◆ The data
┏━━

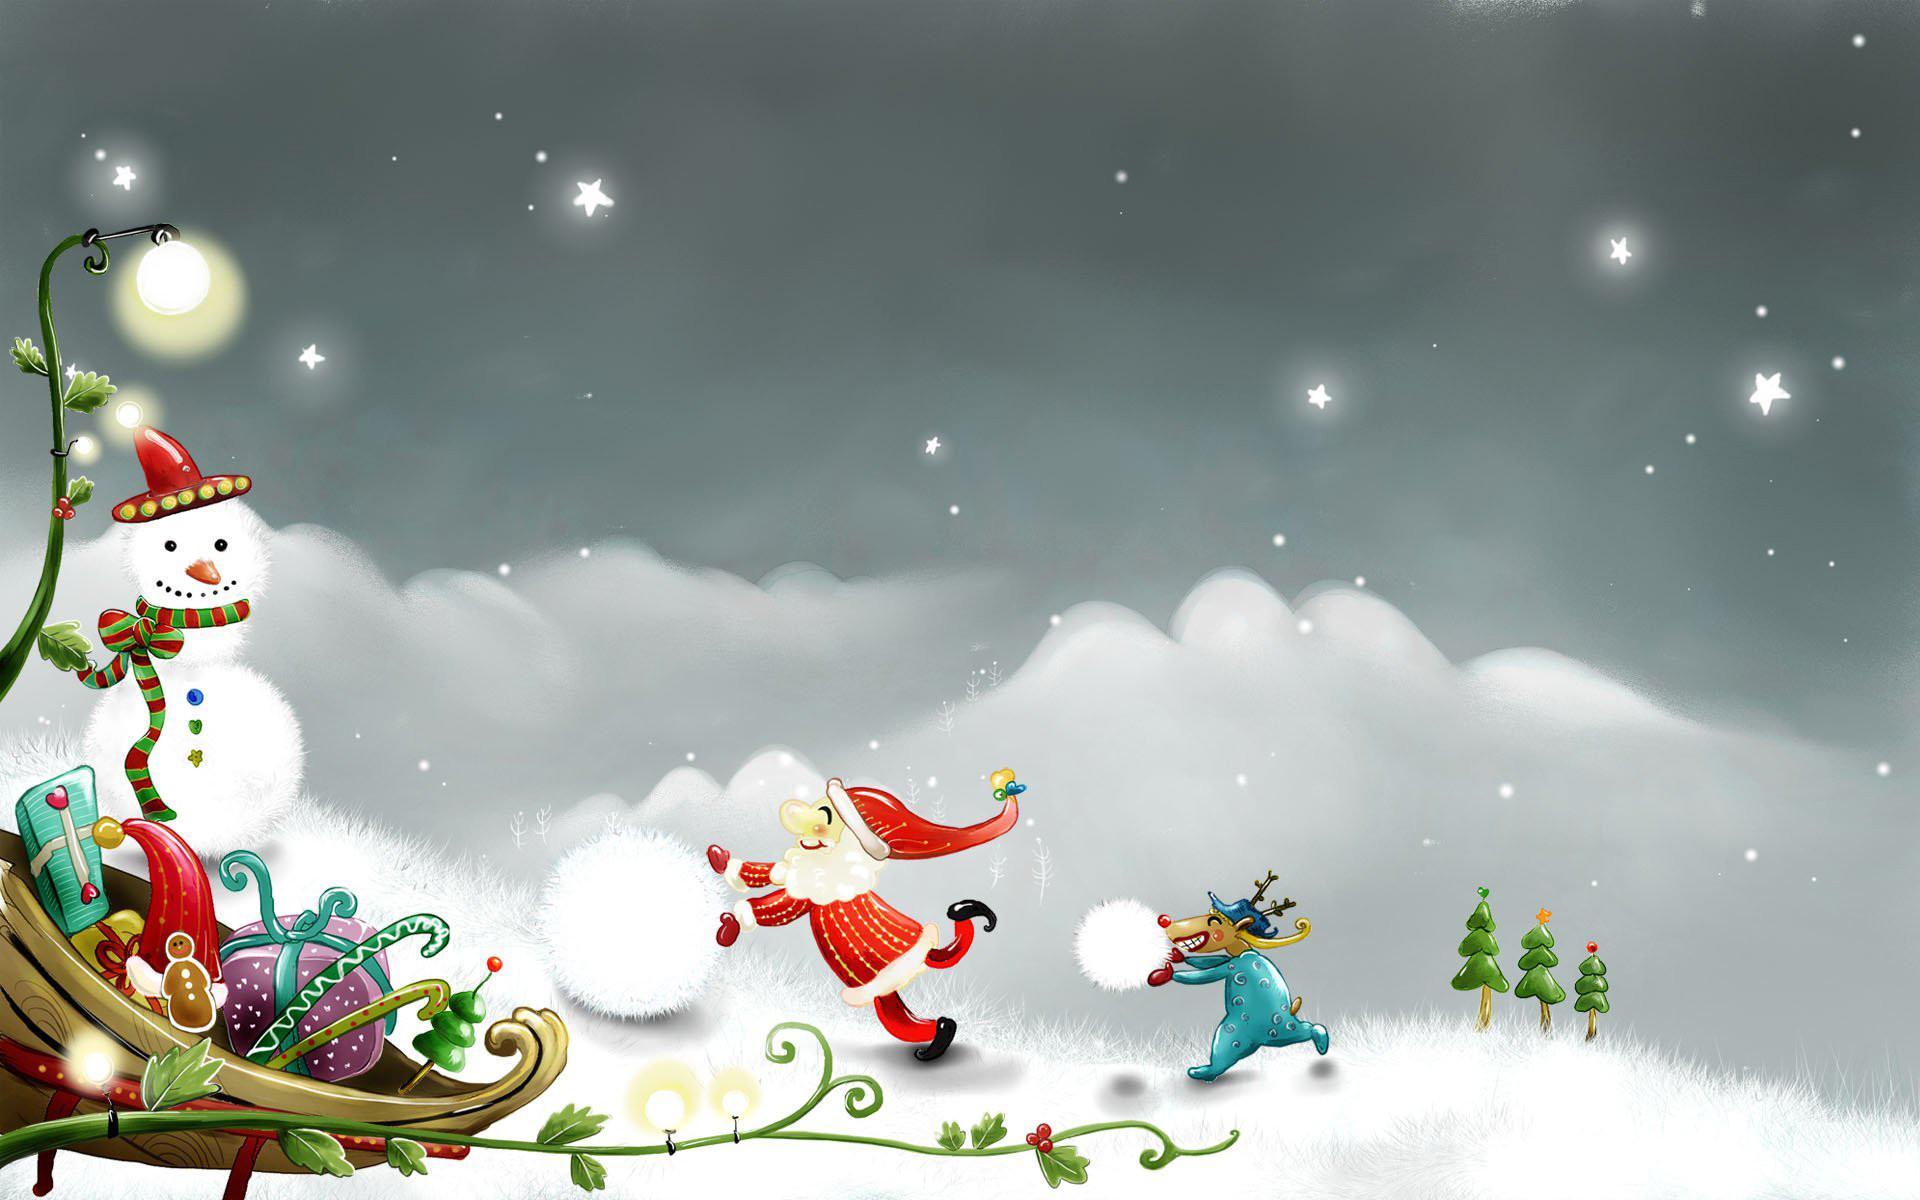 2015 merry Christmas desktop background
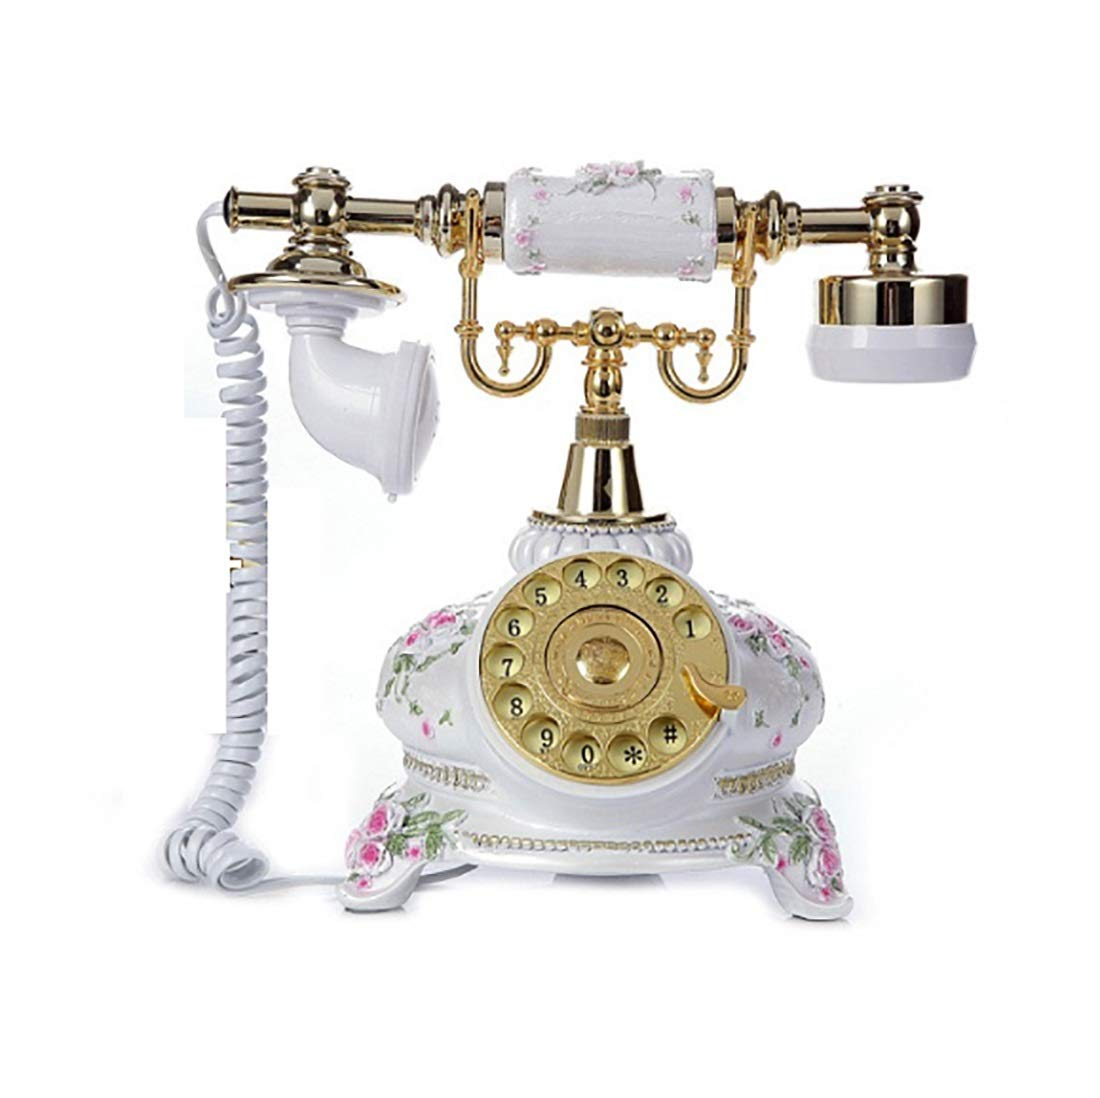 ZHILIAN Classic European Retro Rural Style Home Phone Landline Simple Pattern Dotted Decorative Telephone Line Telephone
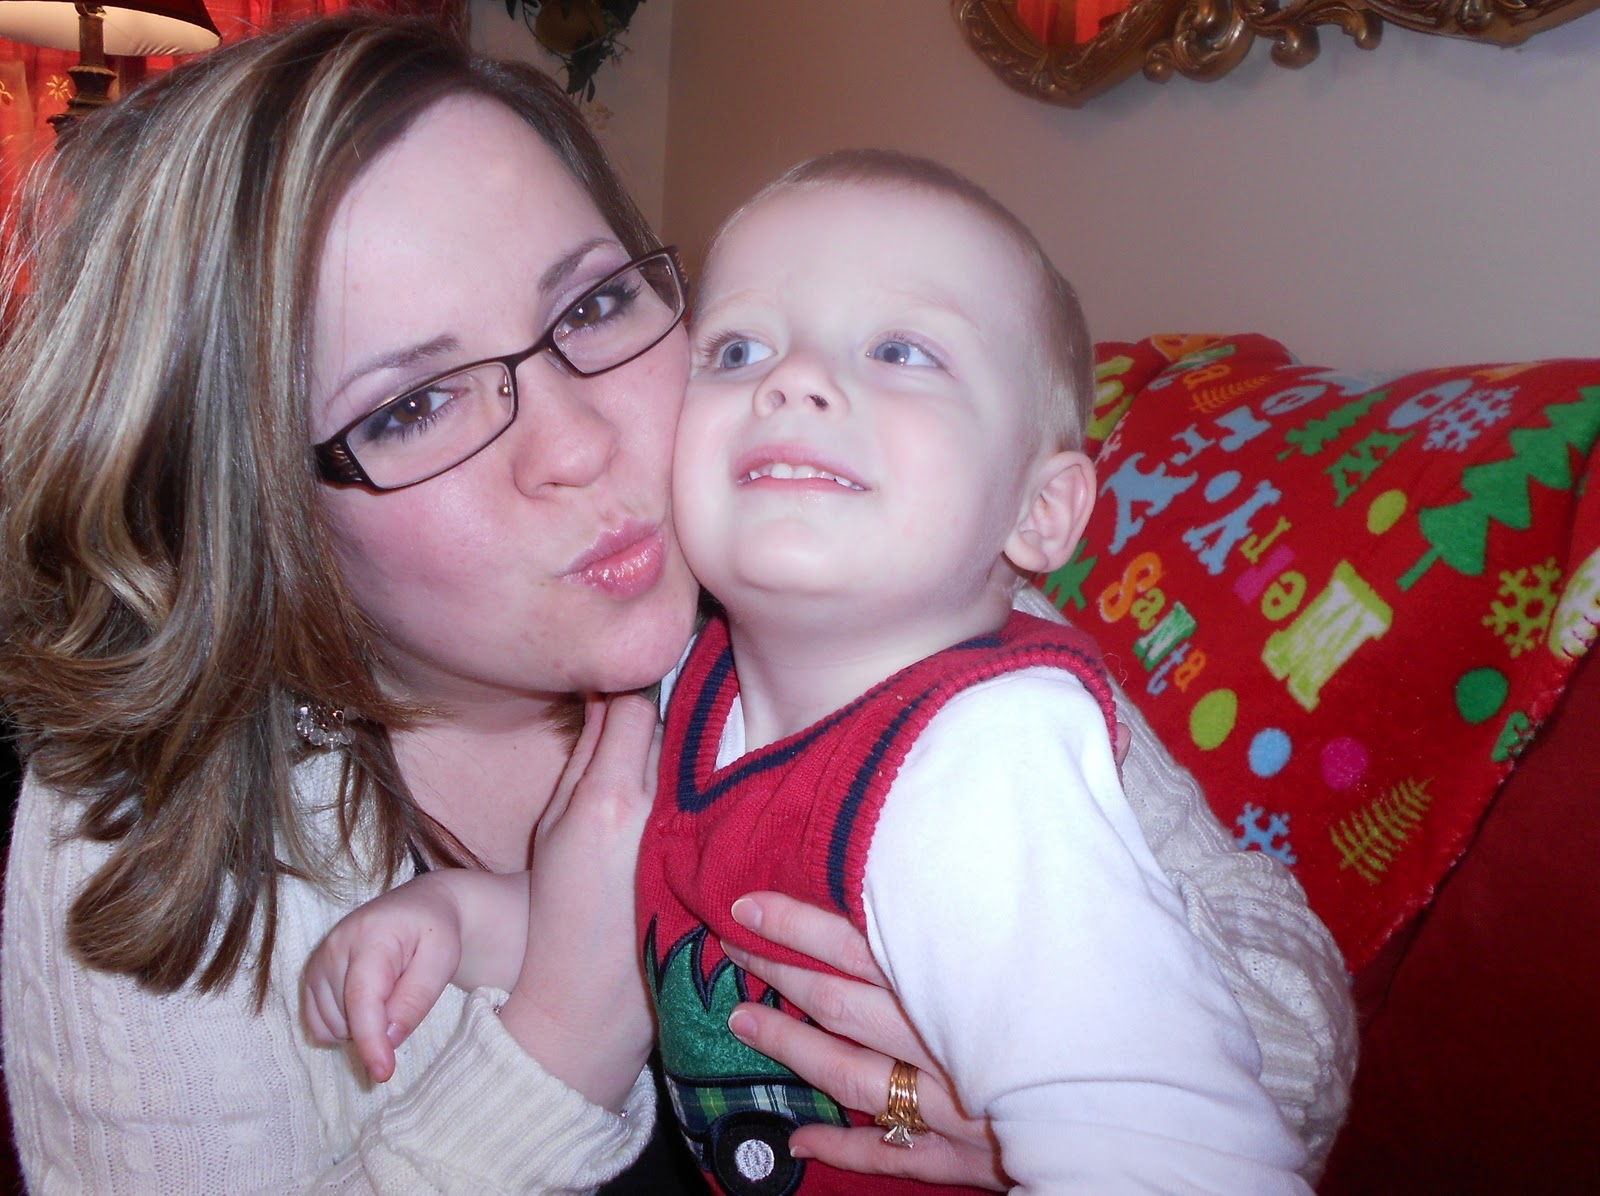 http://1.bp.blogspot.com/-j10y0HbVz-c/Tvf19fWHNvI/AAAAAAAAEPY/KBZR9sciJfo/s1600/Christmas+2011+056.JPG

┗━━

◆ Work instructions
Send back the data above word for word, with the pictures left out.

◆ Answer to the problem
 2015 merry Christmas desktop background
 ZHILIAN Classic European Retro Rural Style Home Phone Landline Simple Pattern Dotted Decorative Telephone Line Telephone
 http://1.bp.blogspot.com/-j10y0HbVz-c/Tvf19fWHNvI/AAAAAAAAEPY/KBZR9sciJfo/s1600/Christmas+2011+056.JPG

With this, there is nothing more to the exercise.